---- THE RECORDS

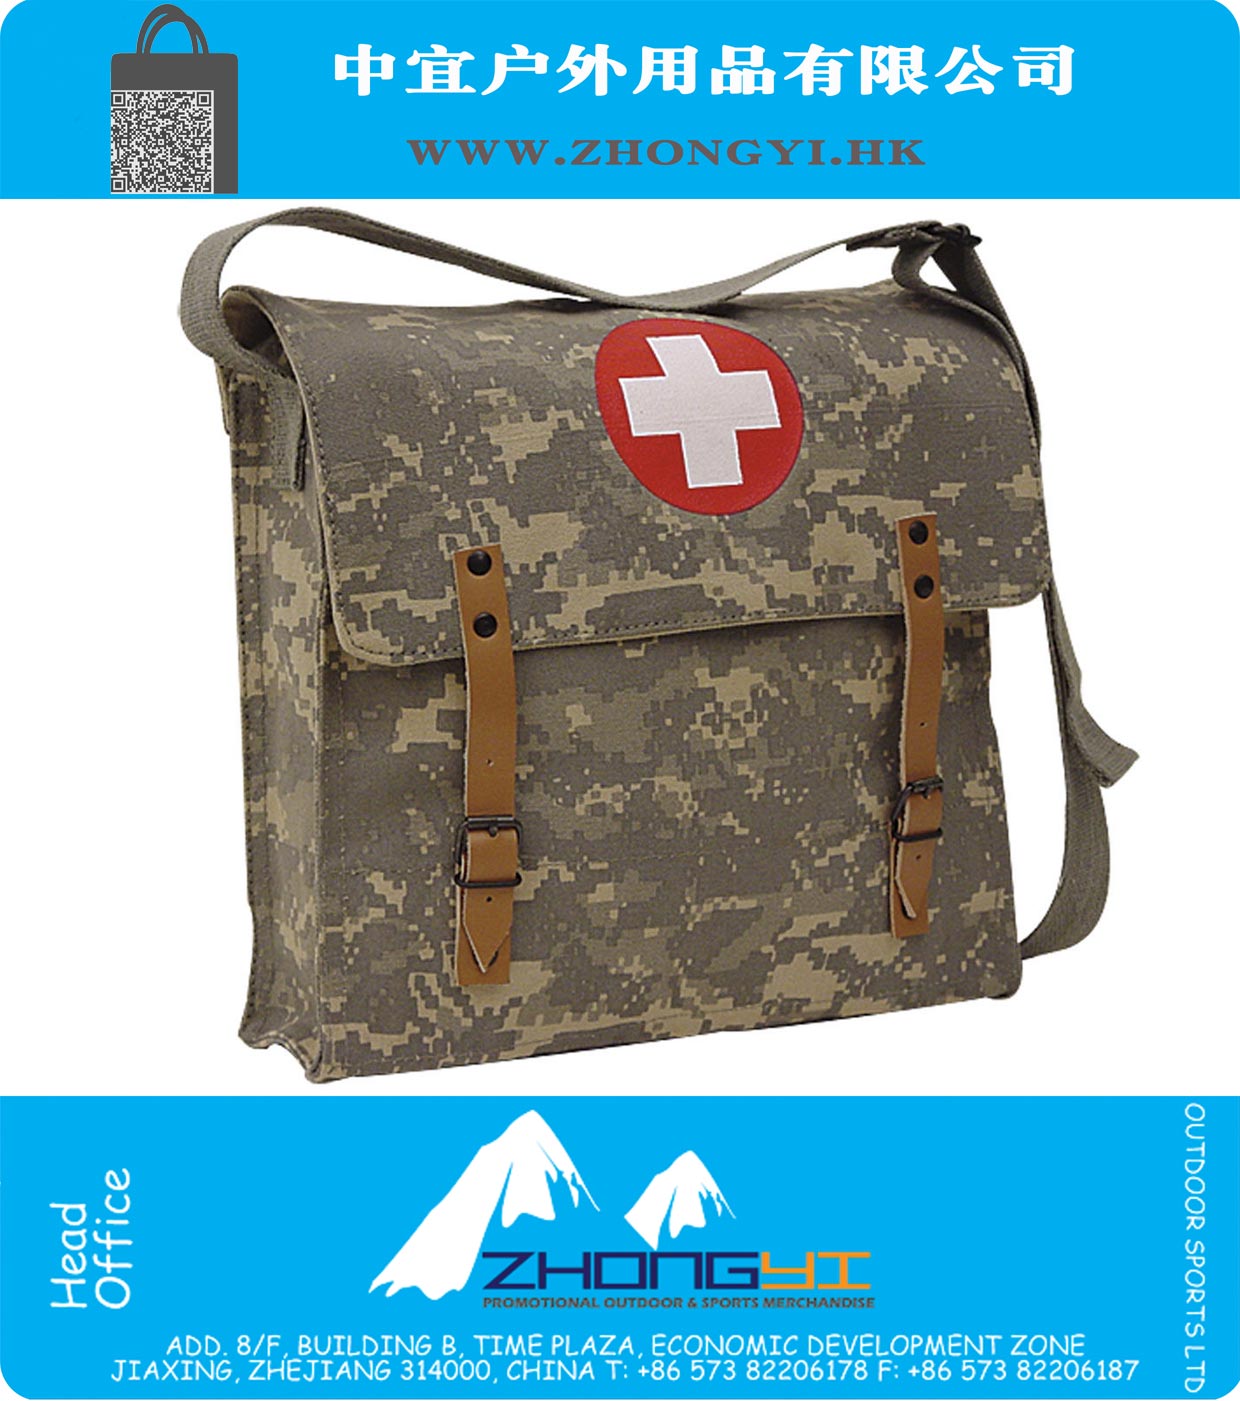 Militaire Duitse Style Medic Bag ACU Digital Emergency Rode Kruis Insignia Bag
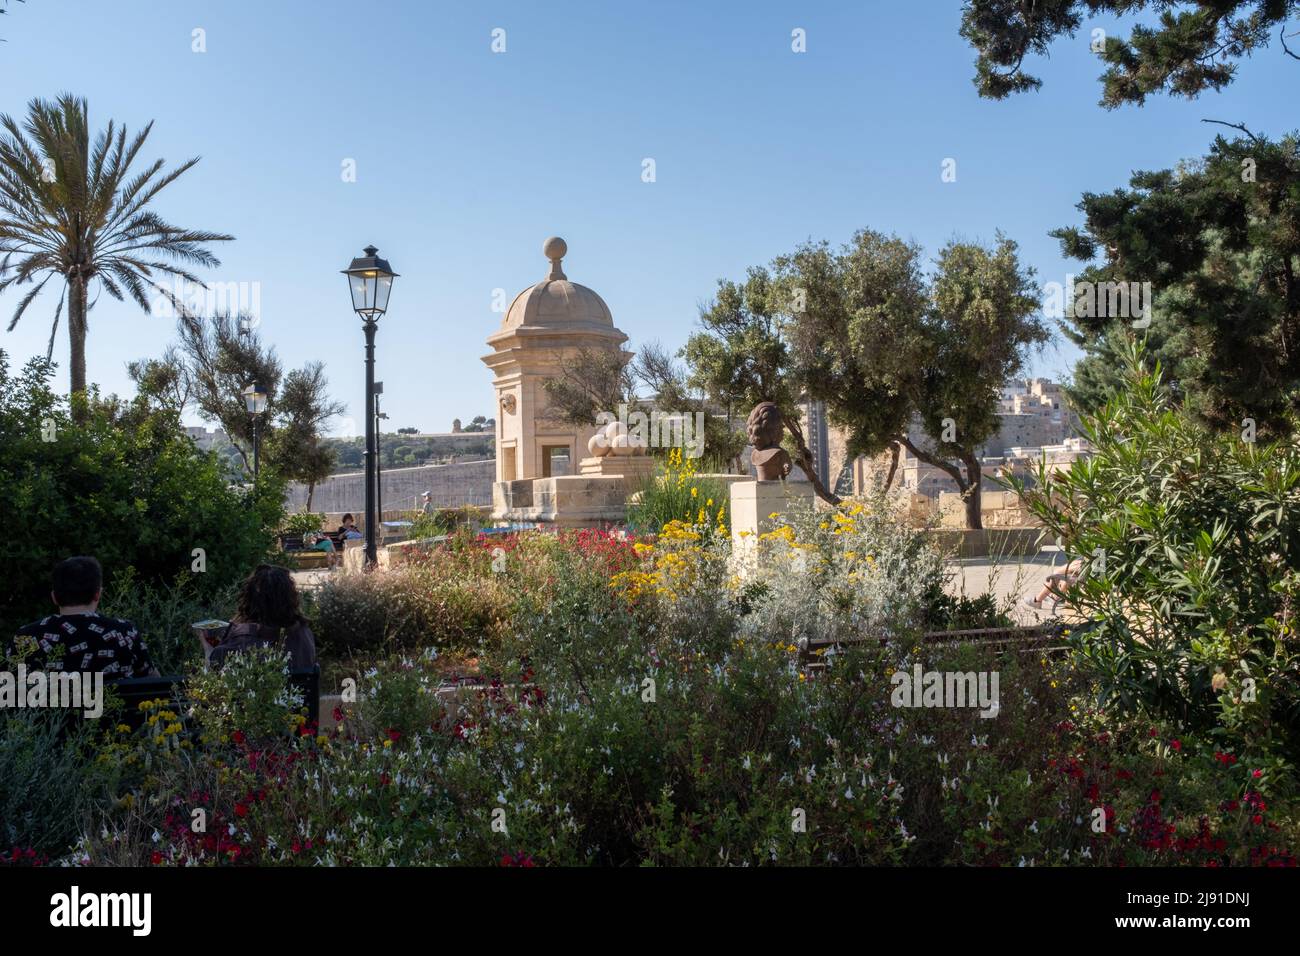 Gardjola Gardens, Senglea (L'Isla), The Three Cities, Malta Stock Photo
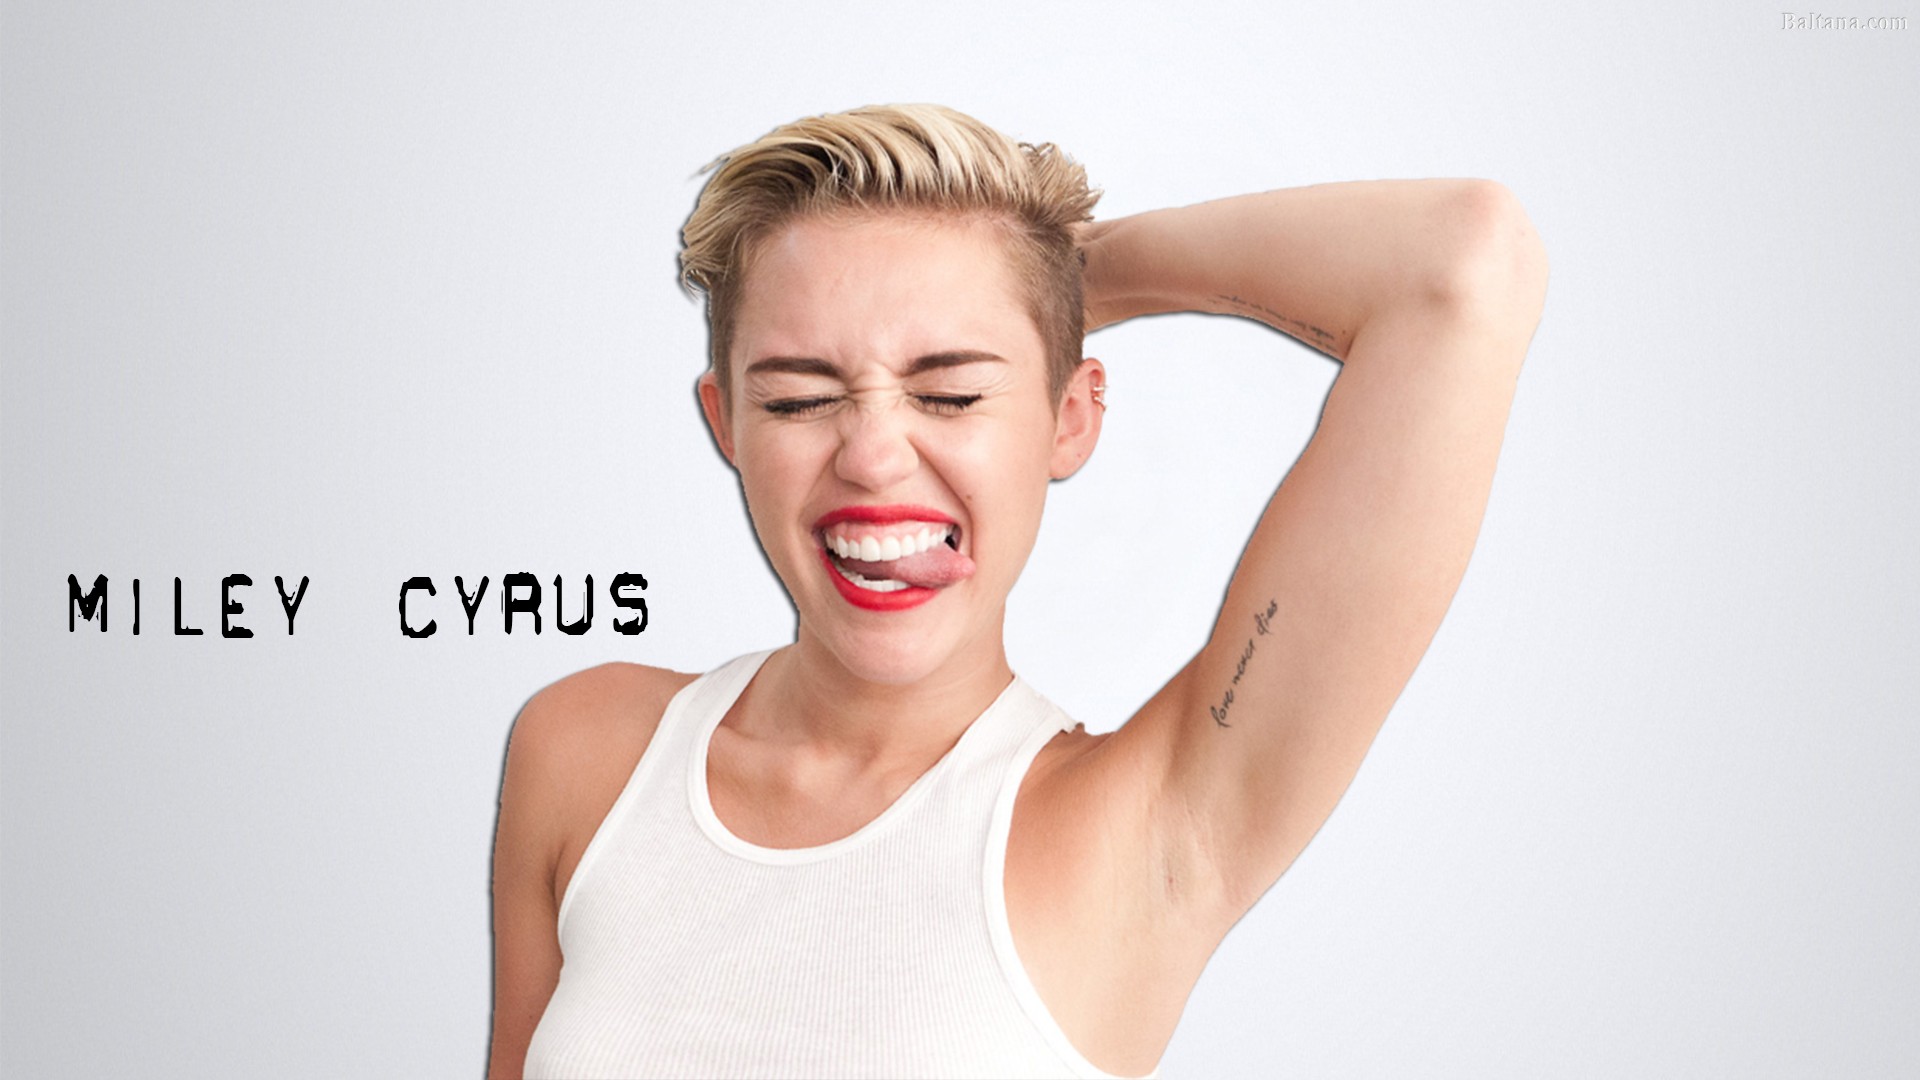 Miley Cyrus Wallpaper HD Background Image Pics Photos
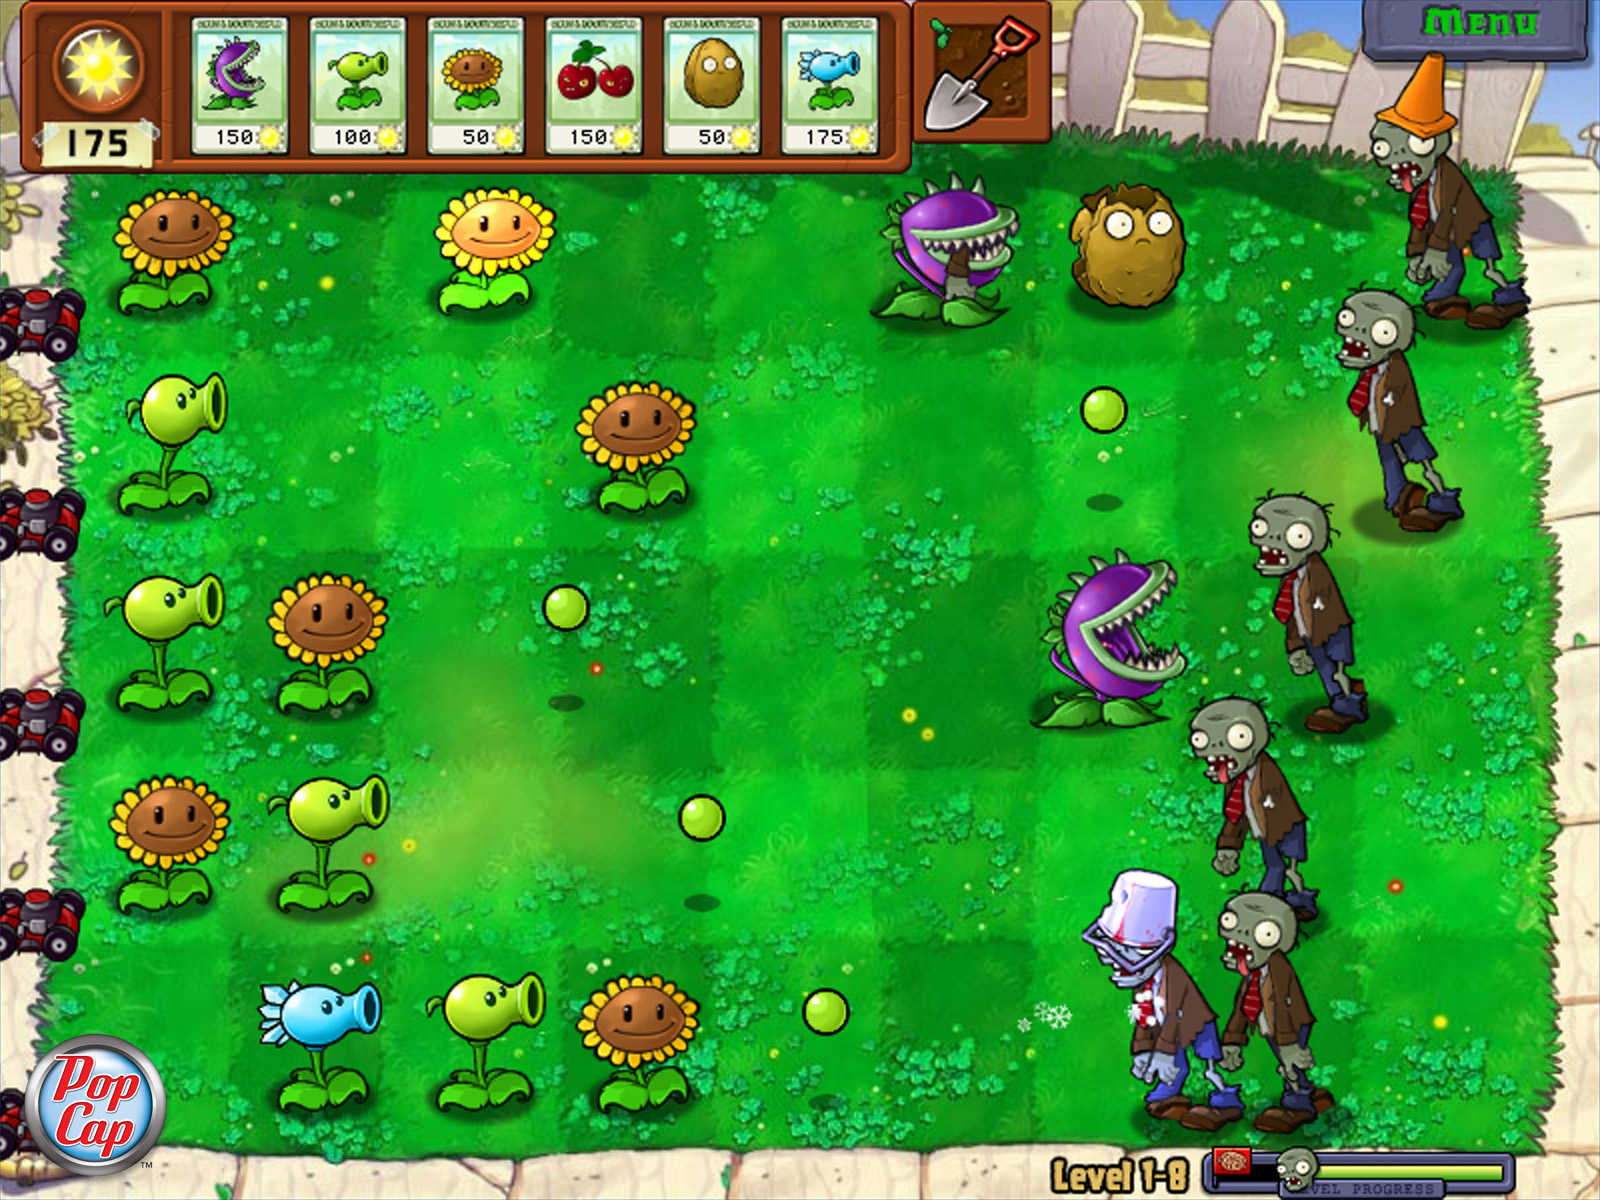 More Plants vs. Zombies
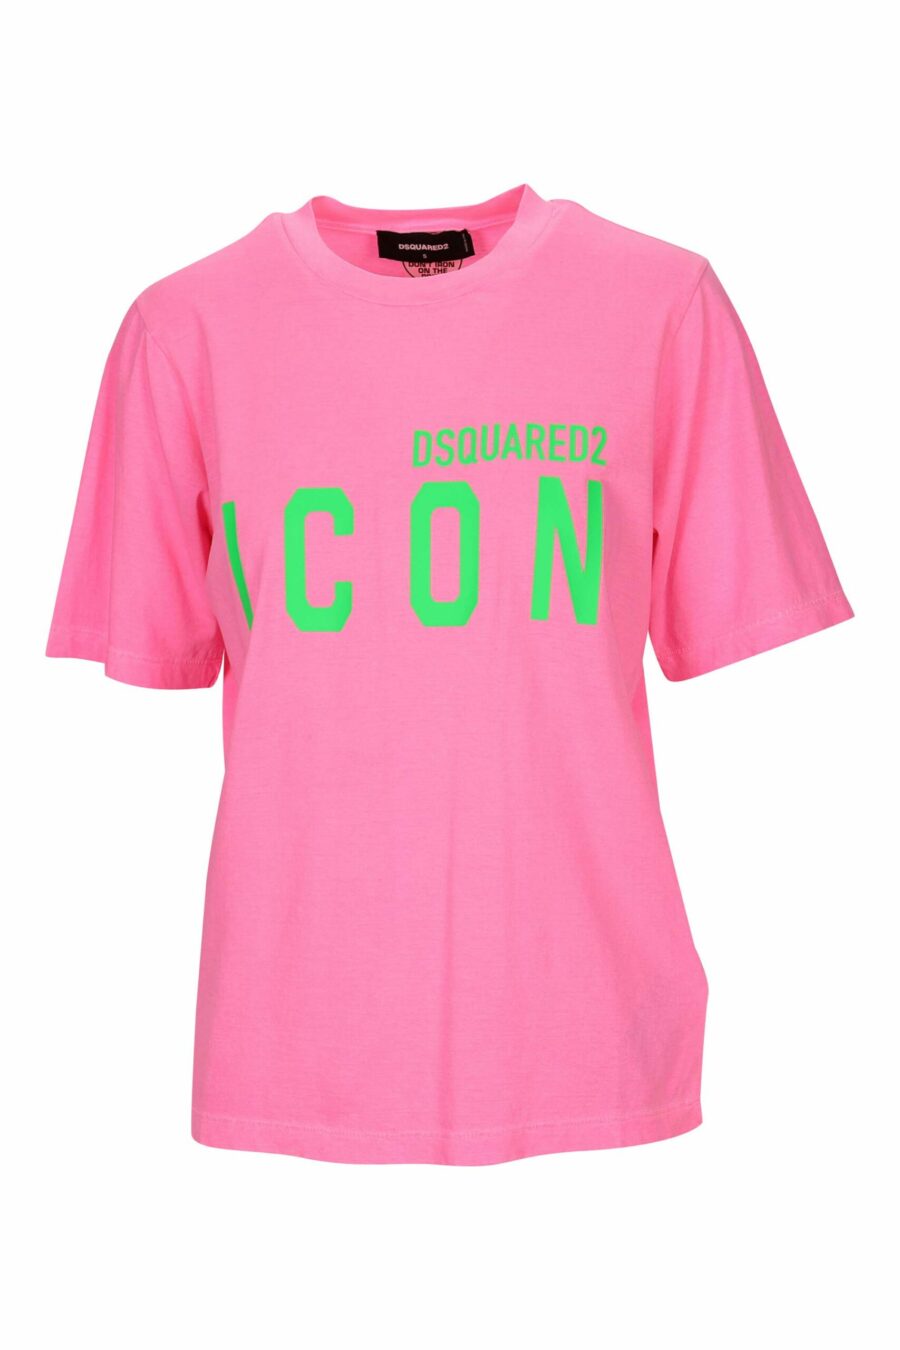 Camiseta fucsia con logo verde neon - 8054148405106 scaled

--------

§ **THE TASK**:
Exactly the lines from the one with "Gardjola Gardens, Senglea" through the end of the records are to be repeated, both ends included, and pictures are to be omitted.

§ **ANSWER FOR THE TASK**:
 Gardjola Gardens, Senglea (L'Isla), The Three Cities, Malta Stock Photo
 Miley Cyrus Wallpaper HD Background Image Pics Photos
 More Plants vs. Zombies
 Camiseta fucsia con logo verde neon - 8054148405106 scaled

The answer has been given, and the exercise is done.